So we always look at the market and we always look at what's left in our contracts. What we think is a little chance of re-contracting, is there more value there to us that we could get out of the asset.
I mean, that's the way we look at it and so I am not going to go through how we would look at specific assets, but I can tell you that's the methodology we use..
Well, one last question and I'll let someone else go. And given that history and the way you describe it, what starts bidding that type of thing to be examined, like for instance, gas storage, the Mid-South (67:20) or something like that. I'm just curious – I'm sure, not everything is perfect.
So, the fact is – and you guys have always been very, very good at identifying that.
So, I just want to get a sense of what might be available just to recycle and optimize?.
Yeah. I just don't think I can answer what we would plan to look at selling. I think I can tell you what the methodology is.
And when we look at an asset like storage, I can tell you it's at very low values right now in comparison to what it's been in the past, but you see what's happening in the gas market and you see what's happening relative to coal to gas conversion and the need for storage by utilities and then all of the LNG plants in the Gulf.
So the way we would look at an asset like that is do we think it could have greater value to our shareholders in the future, and are there ways to optimize that, and how much could we get to sell it in the market, and that's the way we would always look at those kinds of assets.
So, I really don't think I can give you a list of what we would be considering – that wouldn't even be a good thing to do for our shareholders in terms of any kind of negotiation. So, I think that's all I can really say..
Okay. Fair enough. I'll let other people ask questions. Thank you..
Thank you..
Our next question will come from Paul Patterson with Glenrock Associates..
Good afternoon..
Hi, Paul..
How are you doing? Just, I know you've been asked this by Greg and Steve, but I just want to make sure I have a better understanding. With respect to the repairs deduction rate base potential impact, you mentioned a couple of different numbers, you mentioned memorandum account numbers.
And I just wasn't sure what – on a corporate wide basis, what kind of rate base is actually sort of being challenged here retroactively, which you guys don't plan on – I understand you guys don't feel a valid challenge.
But I just wanted to know what we're quantitatively roughly speaking about?.
Okay. Joe, I'm going to ask you to cover it....
Okay..
...and see if you can explain it better than I did..
Yeah, yeah. No, no, no, you explained it well. I think that the proposal suggested that we took the 2011 to 2014 savings and that added up to $185 million on a Sempra-wide basis, roughly split between the two utilities, and that would be what they suggested should be reduced from rate base going forward.

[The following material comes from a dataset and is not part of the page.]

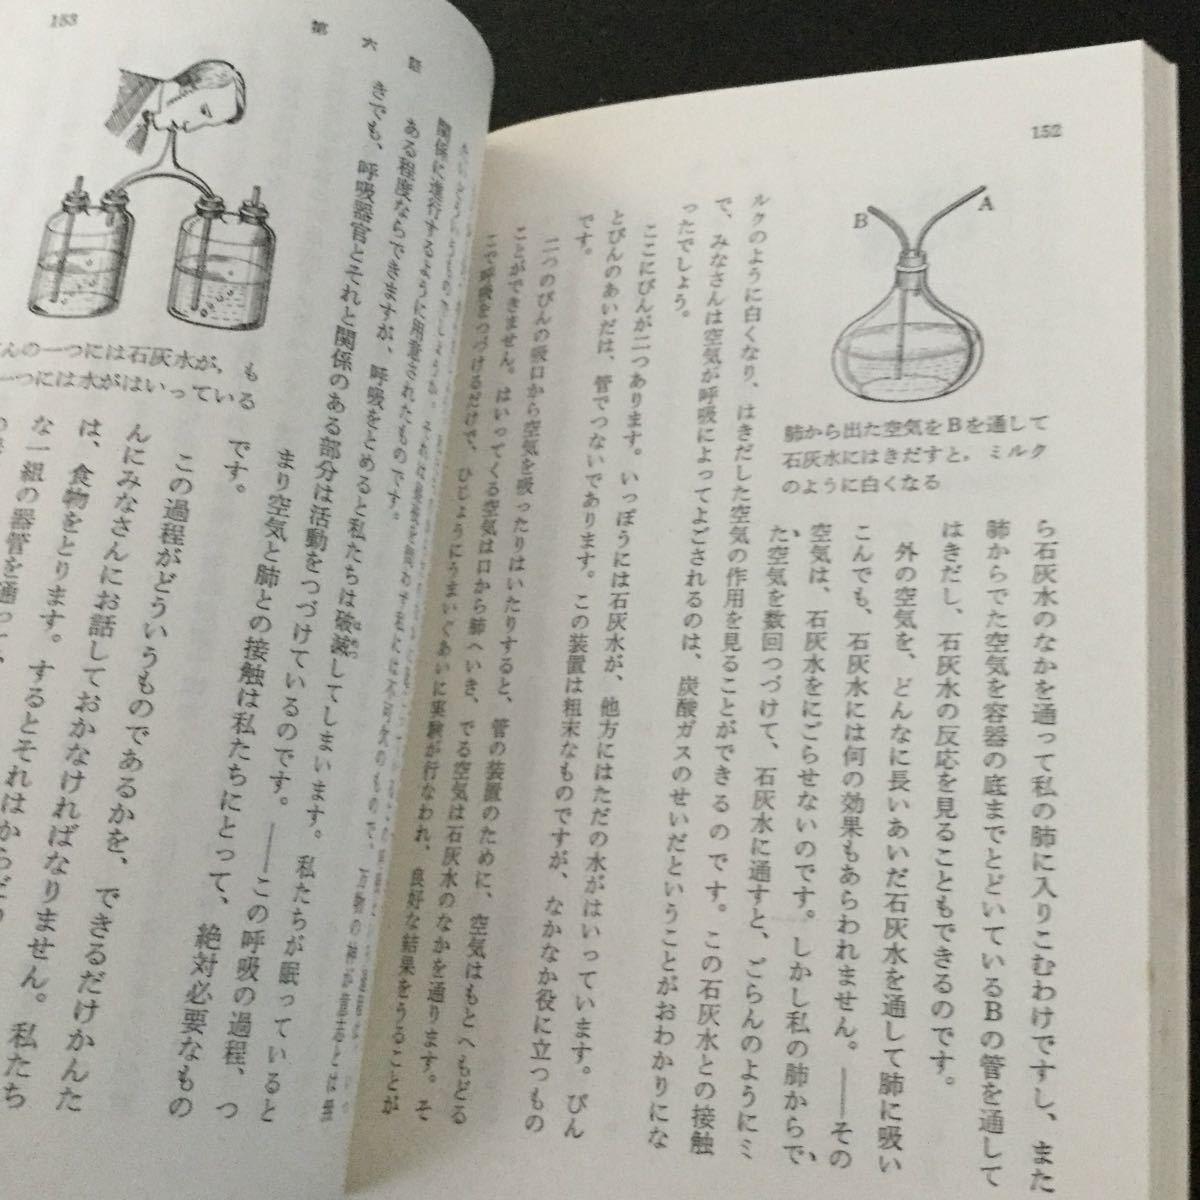 a37 ロウソクの科学 ファラデー 日下実男 小説 旺文社文庫 旺文社 _画像9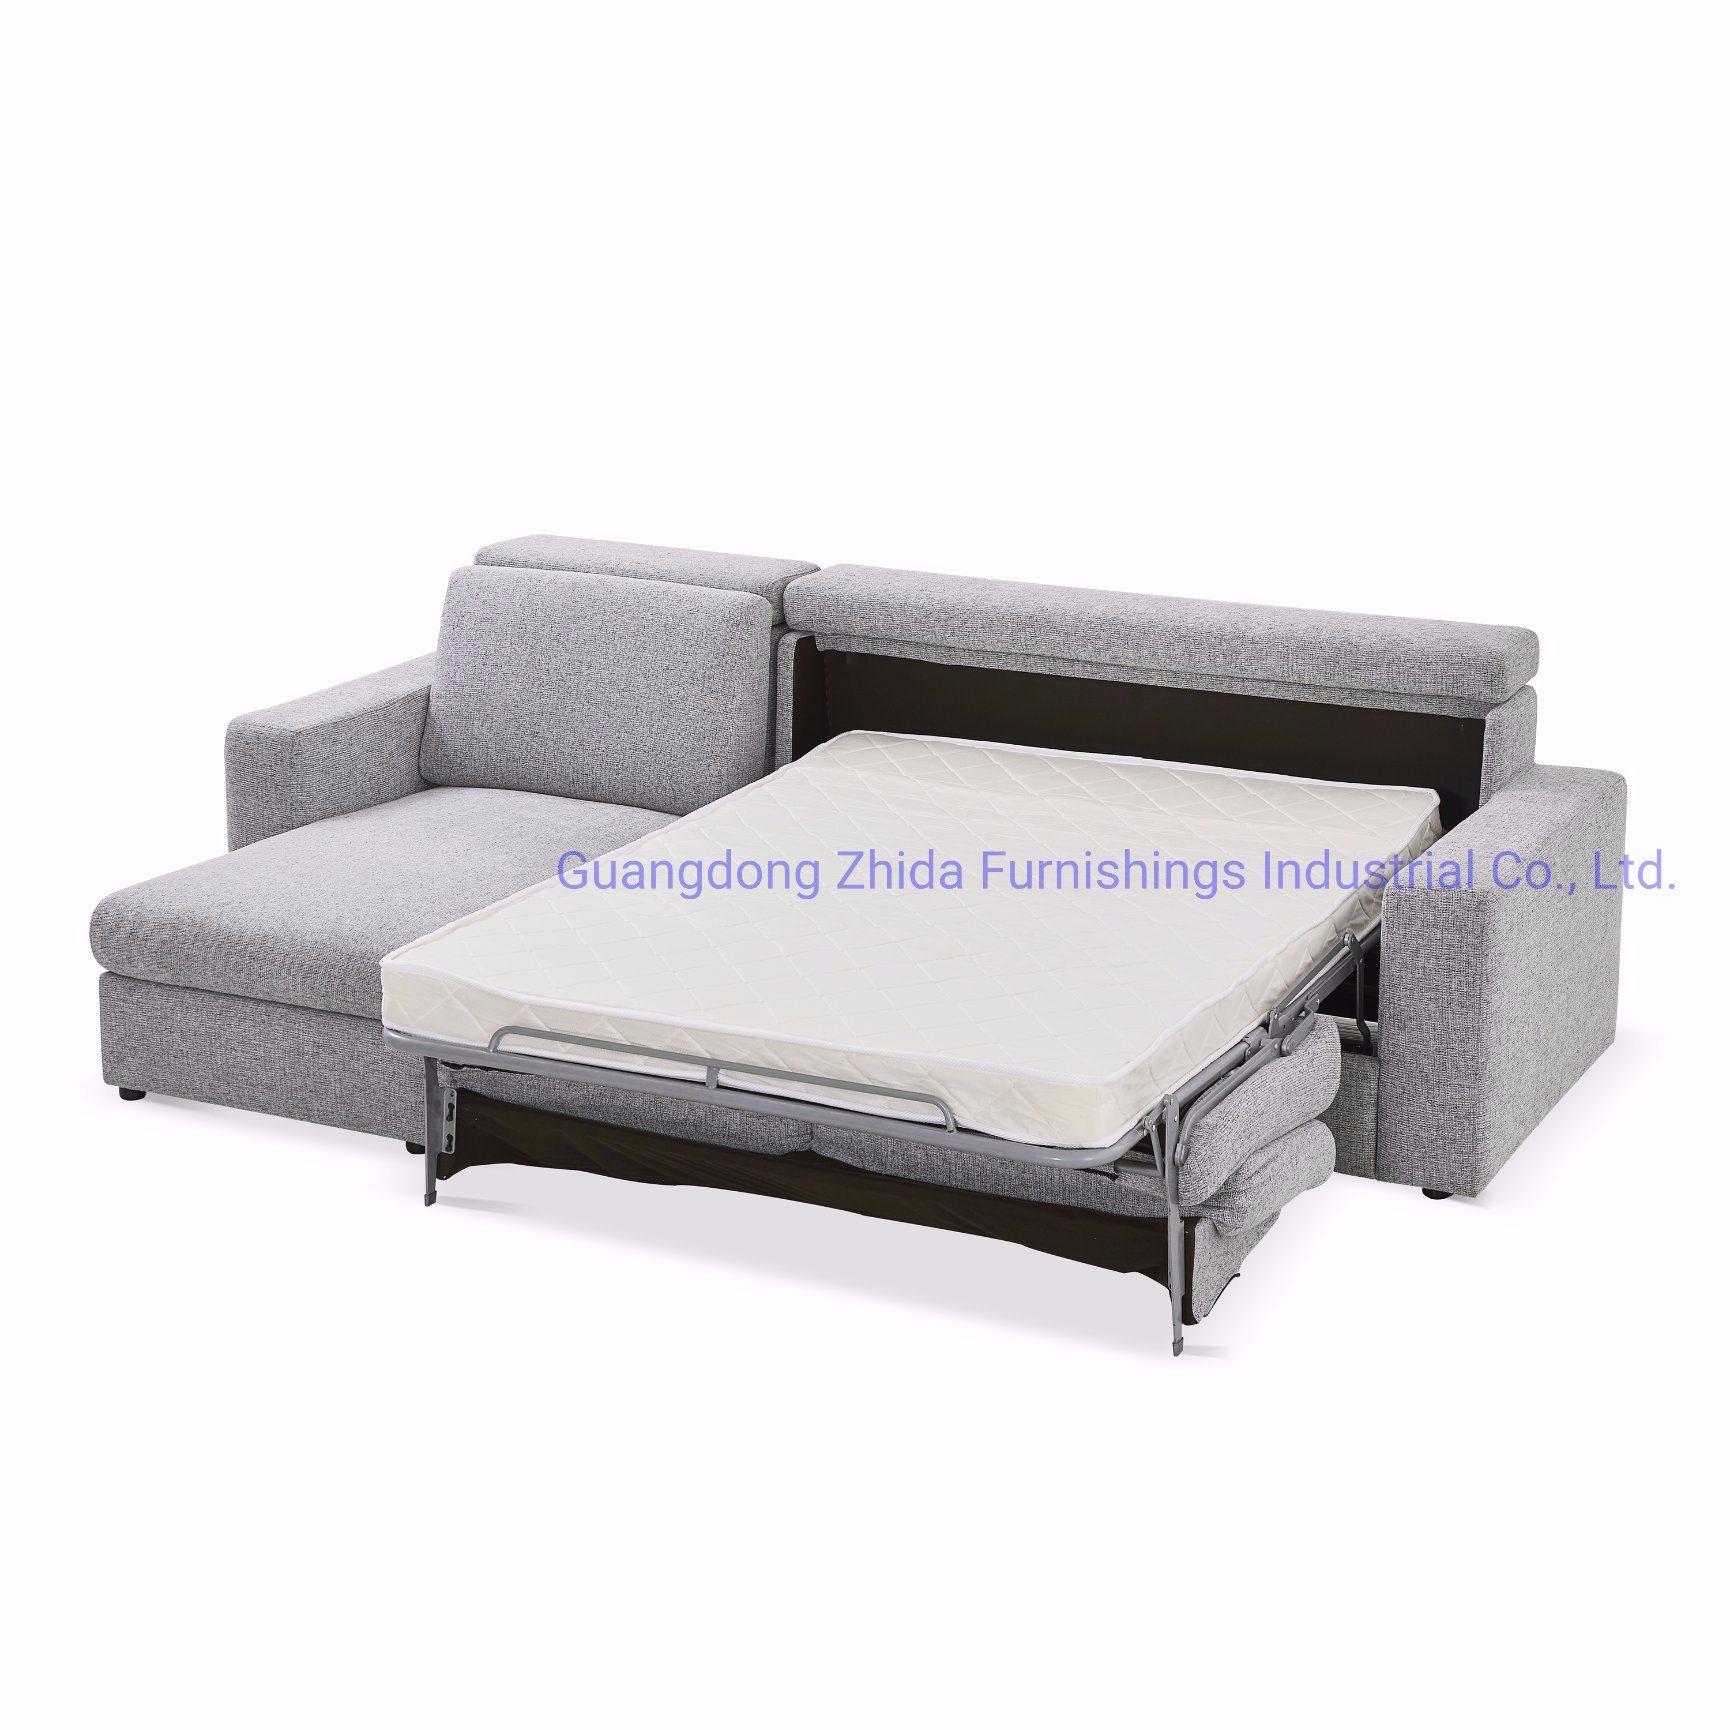 China High Qualtiy Modern Sofa Bed With Storage - China Sofa Bed, Modern Sofa

So, you can do the math and figure out what that would mean to a revenue requirement. Again, we don't believe that's going to be sustained. The memorandum account really dealt with 2015 and they treated that separately, they're trying to get around retroactive rate making, as Debbie suggested.
So, the sum of the two numbers that she gave you, and they were in my remarks as well, totaled $80 million on a pre-tax basis through September, less than $50 million after-tax. That would be a 2015 impact, that wouldn't go to rate base, it would just be a direct impact, that they were requesting.
This is what they requested as a way to get around the retroactive rate making. We don't think they will be able to sustain it. But that's the way it would work. So, the rate base is only that $92 million and $93 million..
Yeah. Let me further say, though, who the "they" is, because what I want to stress is that we don't have a proposed decision that does this..
Right..
The "they" is TURN, one of the interveners in the case and this is their proposal in the case. And so we have not yet received a proposed decision and we will make a very strong case that the record was closed, officially closed by the ALJ before we even filed with the IRS to make these changes.
So, I just want to be sure that the facts are really clear on this..
No, absolutely, and I apologies for having – there were a few numbers running around that I wanted to make sure I understood them..
No. It was a good question. I am glad you clarified..
And then with respect to the master limited partnership vehicle and what have you, it seems to me that people – the Street and what have you sort of wanted you guys to move faster on this a while ago, and I don't know, you guys didn't, and the situation has changed and you guys are looking at what the opportunities might be on a sustained basis.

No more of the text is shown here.